И именно тогда и происходит то может быть и временное, но сколь так безмерно тяжелое нравственное обнищание общества, последствия которого будут ощущаться затем еще до чего только долгие десятилетия.
171
И, разумеется, вполне налицо самая так весьма наглядная закономерность — почти уж историческая последовательность, постепенно переходящая в ранг самого очевидного факта: где бы в Европе ни вспыхивала революция, вслед за ней неизбежно же начиналась кровопролитная гражданская война.
И исход ее, как правило, вовсе не напоминал завершение войны Севера и Юга в Соединенных Штатах нет то уж явно была самая так безумная катастрофа.
И ведь раз за разом была она куда только поболее глубокой и безмерно во всем разрушительной.
В такие времена внезапно становится возможным то, что при иных обстоятельствах казалось бы явно немыслимым: полное раскрепощение душ, прежде скованных хотя бы самыми мелкими остатками нравственных ограничений.

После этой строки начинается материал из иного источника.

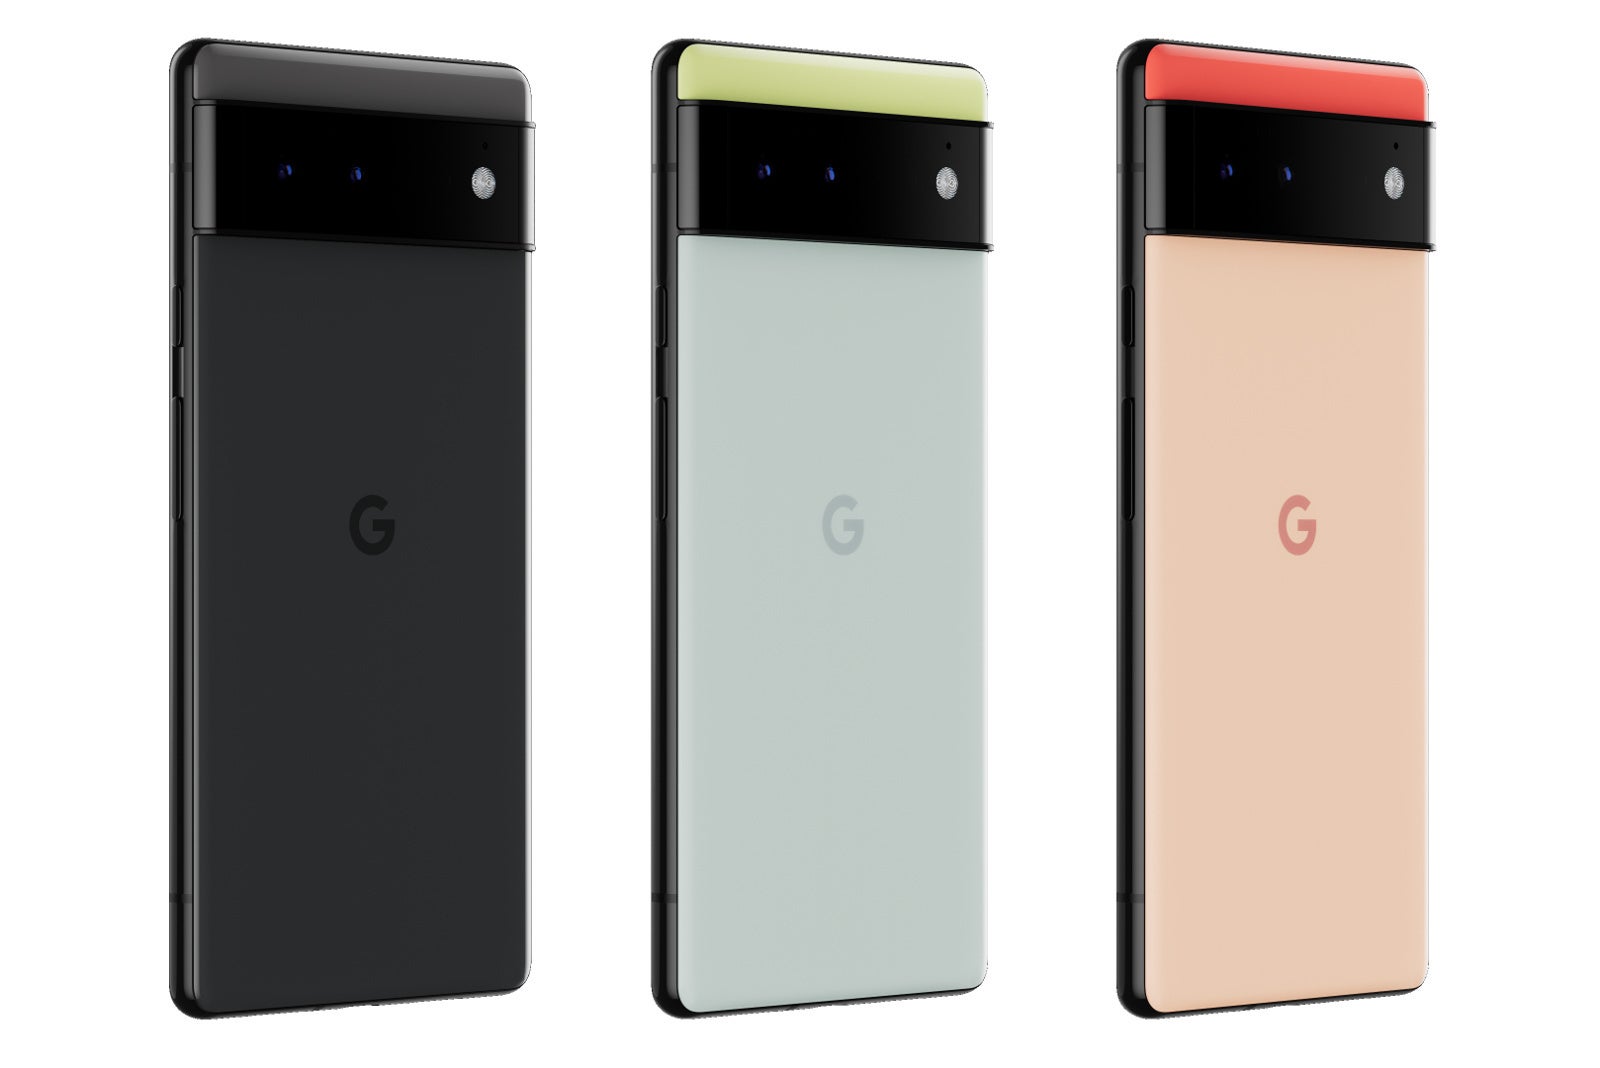 Pixel 6 colors - Google Pixel 6 vs Pixel 6 Pro

Ослепленные яростью, люди разрывают последние звенья тех цепей, которые еще пока вот удерживали их в пределах самой элементарной человеческой гуманности.
И тогда, в этом неописуемом хаосе революционных явей, близкие люди — нередко кровные родственники — начинают без колебаний обрекать друг друга на самую мучительную смерть, не испытывая при этом ни раскаяния, ни страха возмездия.
И главное это вовсе не мелкие корыстные интересы толкали тогда людей к оружию.
Нет — миллионы, воодушевленные до чего уж поспешно усвоенными ими бравыми идеями, с гордо поднятой головой вступали в бой ради совершенно так призрачных, всецело же воображаемых благ никак так несбыточного грядущего.
А противостояли им те, кто был доверху переполнен горьким и вполне оправданным недоверием ко всем этим обещаниям.
То есть те кто остался полностью же равнодушен к тем самым до чего еще пресловутым радостям некоего грядущего бесклассового и безмятежного дальнейшего существования.
172
Но без тех самых внешних, грубо давящих на народ обстоятельств — равно как и без чрезмерно мечтательной, внутренне разогретой интеллигенции — ни одна революция, по существу, нигде и никогда не могла бы действительно состояться.